Серафимов покачал головой:

– Еще один свистун. Гляньте.

– Я не насчет книжек сомневаюсь, Самойлов. Что не выходила совсем. Рассказывают – соседи? – уточнил Зайцев. В вопросе содержался ответ.

– Я им скорее верю, – возразил Самойлов. – Пока не получил повода убедиться в обратном.

– А ты всегда знаешь, брешет свидетель или нет, – тут же поддел Серафимов. Самойлов перехватил вопросительный взгляд Зайцева. Ответил как бы нехотя:

– Со временем, Сима, на это чуйка вырабатывается.

– Или не видели они, как она входила-выходила, – думал вслух Крачкин. – У дам бывают секреты.

Самойлов ухмыльнулся. Запустил пальцы в бакенбарду. Козырь в рукаве, понял Зайцев.

– Соседи – и не видели?! – почти в один голос набросились на него остальные. – Крачкин? В коммуналке?! Да там перднуть нельзя, чтоб соседи не узнали.

Самойлов подождал, пока все смолкнут.

– Верю я соседям. Не увидел я у нее среди барахла тряпок подходящих. Все какие-то платья с хвостами. Такое сейчас никто не носит.

– Ух ты, Самойлов, – искренне восхитился Зайцев. – Вот это – действительно факт! Жирный, увесистый.

Самойлов надменно кивнул – мол, еще бы. Но Зайцев заметил и довольную полуулыбку.

– Больно ты знаешь, что бабы носят, что нет, – так же искренне удивился Серафимов. И тут же потянул разговор за другую нить: – А я другой коленкор не пойму, честно говоря. Вся квартира в услужении одной жилички?

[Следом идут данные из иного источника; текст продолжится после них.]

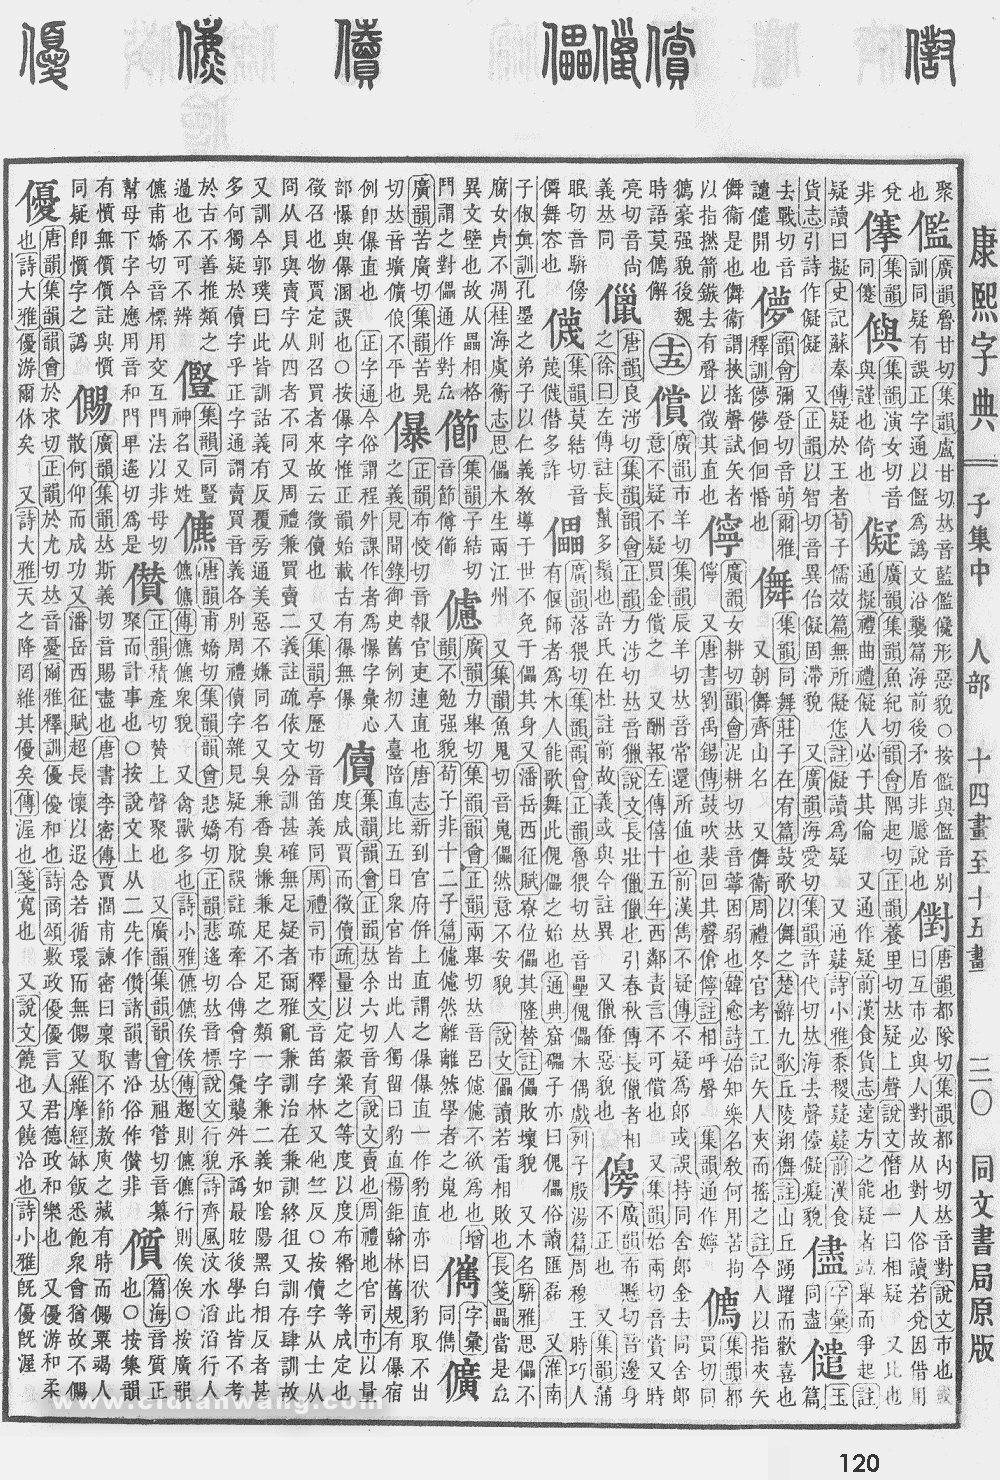 康熙字典掃描版第120頁

– Не жилички, а артистки, – поправил Крачкин и опять вздернул локоть к носу: псть!

– В добровольном, заметь, услужении. Только они это, конечно, так не называют.

– А как?

– Помощь.

– Странное поведение. Не выходила… Ни с кем не встречалась. Даже с цацками в торгсин Синицыну эту посылала. Она что, от кого-то скрывалась? Что, если убийца ее все-таки выследил.

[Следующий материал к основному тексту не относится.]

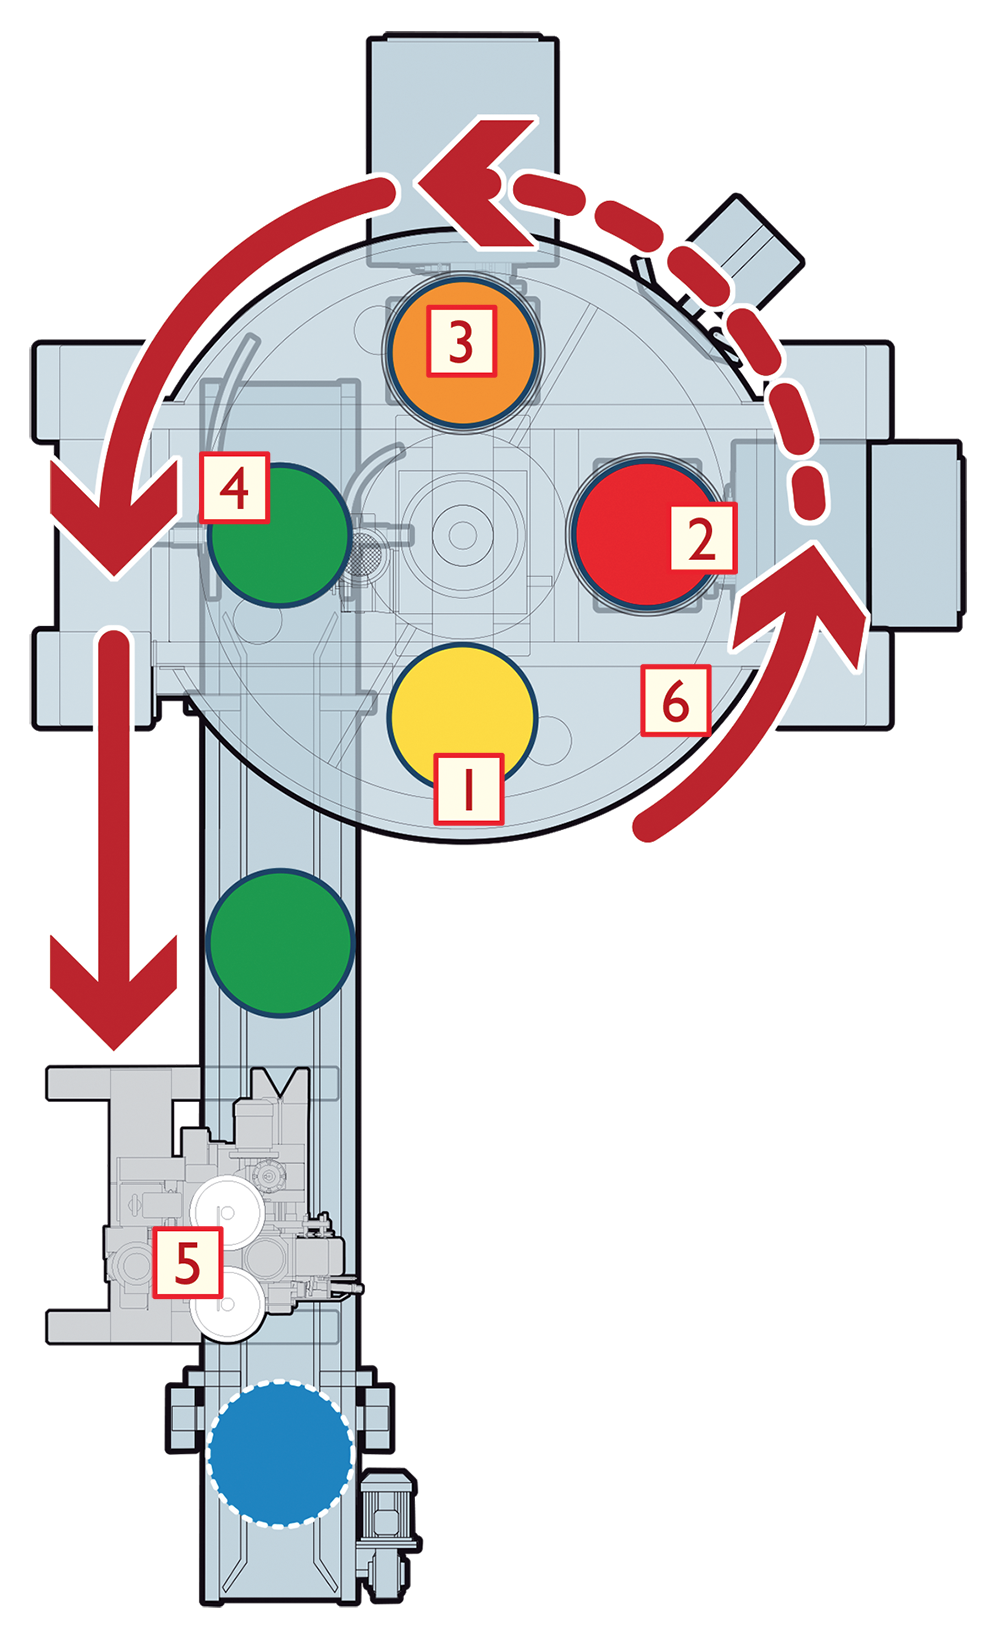 Φάσεις λειτουργίας του συσκευαστικού Technipes ASTRO 4 Carousel

– Это ты в Нате Пинкертоне вычитал?

– А что?

– Актриса. Вот что. Псть.

– Ты, Крачкин, пояснее выражайся.

– Куда яснее. Мечта, дети мои, не может стоять в очереди. Толкаться на рынке – не может. Селедку покупать – не может. Ей селедка и не нужна. Она не ест вообще. Не может носить туфли сапожнику. Сидеть в парикмахерской вместе с другими гражданками и всем показывать свою завивку перманент. Ей не нужна завивка. У нее нет мозолей. Нет морщин, потому что мечта не стареет. У нее не болят зубы. А главное, дети, мечта – не стареет. …Псть!

Самойлов воспользовался запинкой:

– Зубы болят у всех. У гражданки Берг тоже.

– А у Вари Метель – нет.

Самойлов фыркнул и покачал головой. Зайцев вздохнул:

– Я понял, Крачкин… Грустно это.

– Я не понял, – воинственно поддержал своего обычного соперника Самойлова Серафимов.

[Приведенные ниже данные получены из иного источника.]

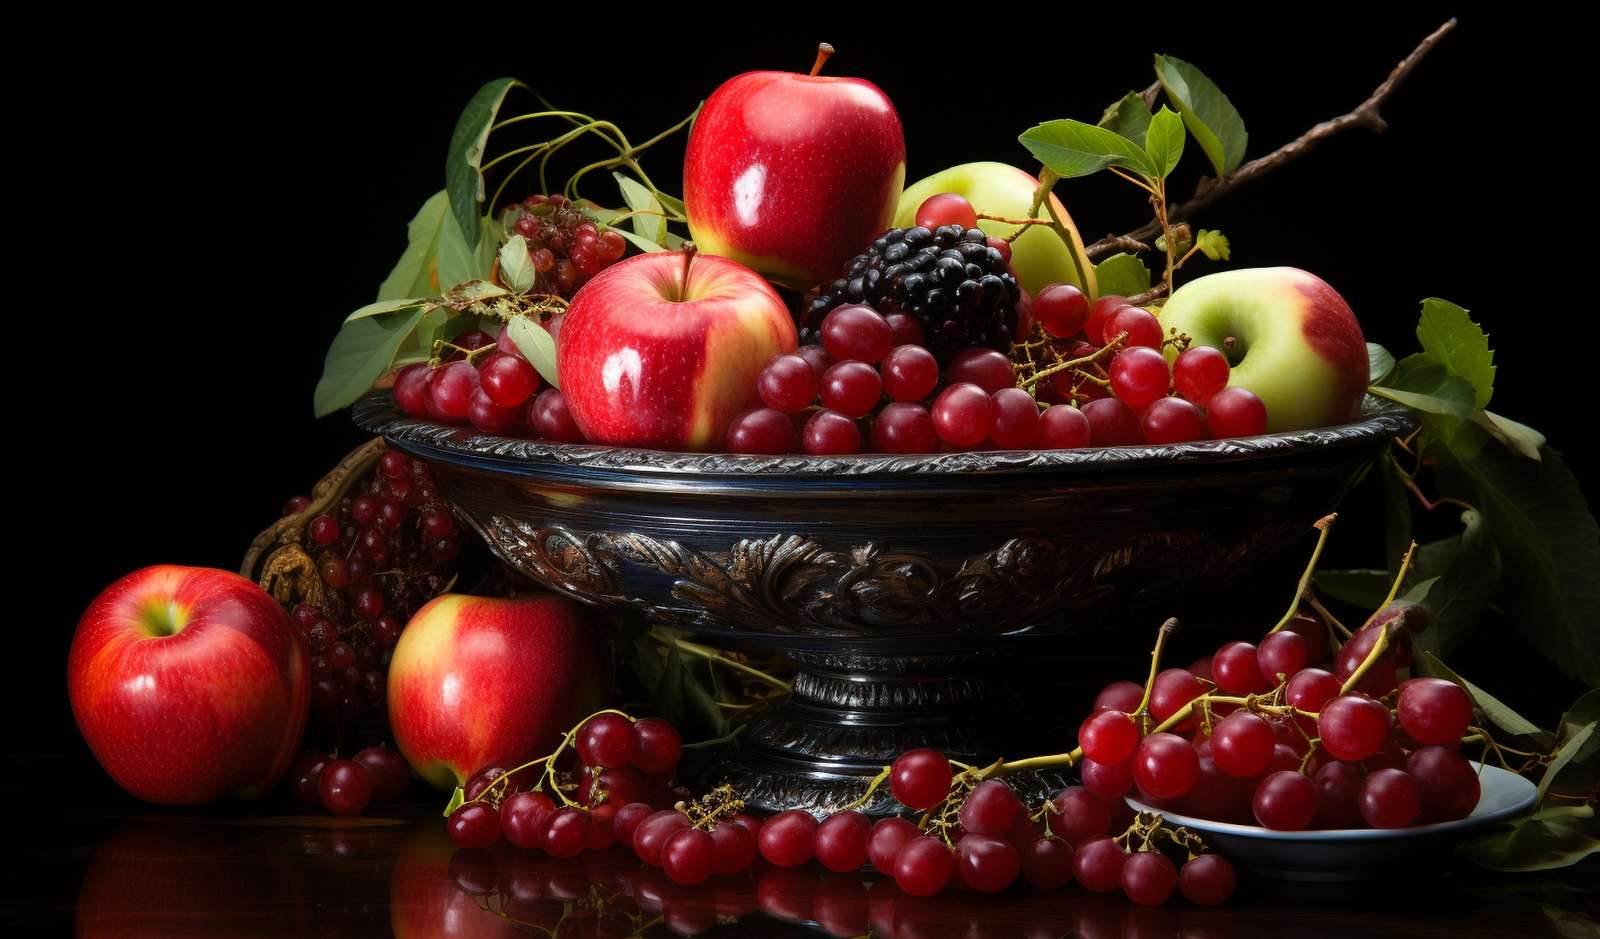 ovocné závratě cítili směs ovoce na talíři online puzzle

– Она не хотела, чтобы ее кто-нибудь сейчас случайно увидел – и узнал. Сравнил с прежней. Из артистического самолюбия не хотела. Как там Синицына сказала: гордая. Уж она поди изучила характер повелительницы своей.

– Да кто бы ее сейчас узнал? – Серафимов удивился искренне. – И фильмы-то такие уже давно не крутят.

Крачкин хмыкнул.

– Они всегда в голове у тех, кто их видел, – возразил Крачкин: – …Я с тобой, Вася, в кои-то веки согласен: грустно… Псть.

Только Нефедов молчал всю дорогу. Впрочем, ему никогда не отвечали, и он привык – без необходимости не заговаривал.

– Причалили, – сообщил шофер и остановил мотор.

Выгрузились.

– Ножик сразу на пальчики проверь.

– А то.

– Не удивлюсь, если к ним пара отыщется с тех, что на рояле сняли. Где она цацки свои хранила.

Прошли в прохладный вестибюль. Дежурного не было видно за газетным листом, который спиной сообщал что-то про германский рейхстаг и канцлера Гитлера, – Зайцев глянул вскользь.

– В мире все спокойно? – съязвил Крачкин.

– Завершился автопробег Ленинград – Москва – Ленинград, – спокойно отозвался дежурный. Выглянул.

– Привет, Савостьянов, – бросил Зайцев. Но тот был слишком увлечен – продолжал:

– Опытные дальнодорожные восьмицилиндровые лимузины Л-1 «Красного Путиловца». И несколько иностранных разных лет, для сверки.

«Ну нахал», – покачал головой Крачкин. Савостьянов и не заметил. Как ни в чем не бывало перегнул лист – сверился с глазастыми мордами автомобилей на фото, стал водить по снимку пальцем:

– «Паккард», «Паккард», «Пирс эрроу», «Испано сюиза». «Студебеккер», – палец передвинулся на машину с рылом без решетки: – «Изотта-Фраскини». – Чиркнул дальше: – Еще одна «Сюиза».

Мир автомобилей влек его куда больше, чем мир ленинградских правонарушений.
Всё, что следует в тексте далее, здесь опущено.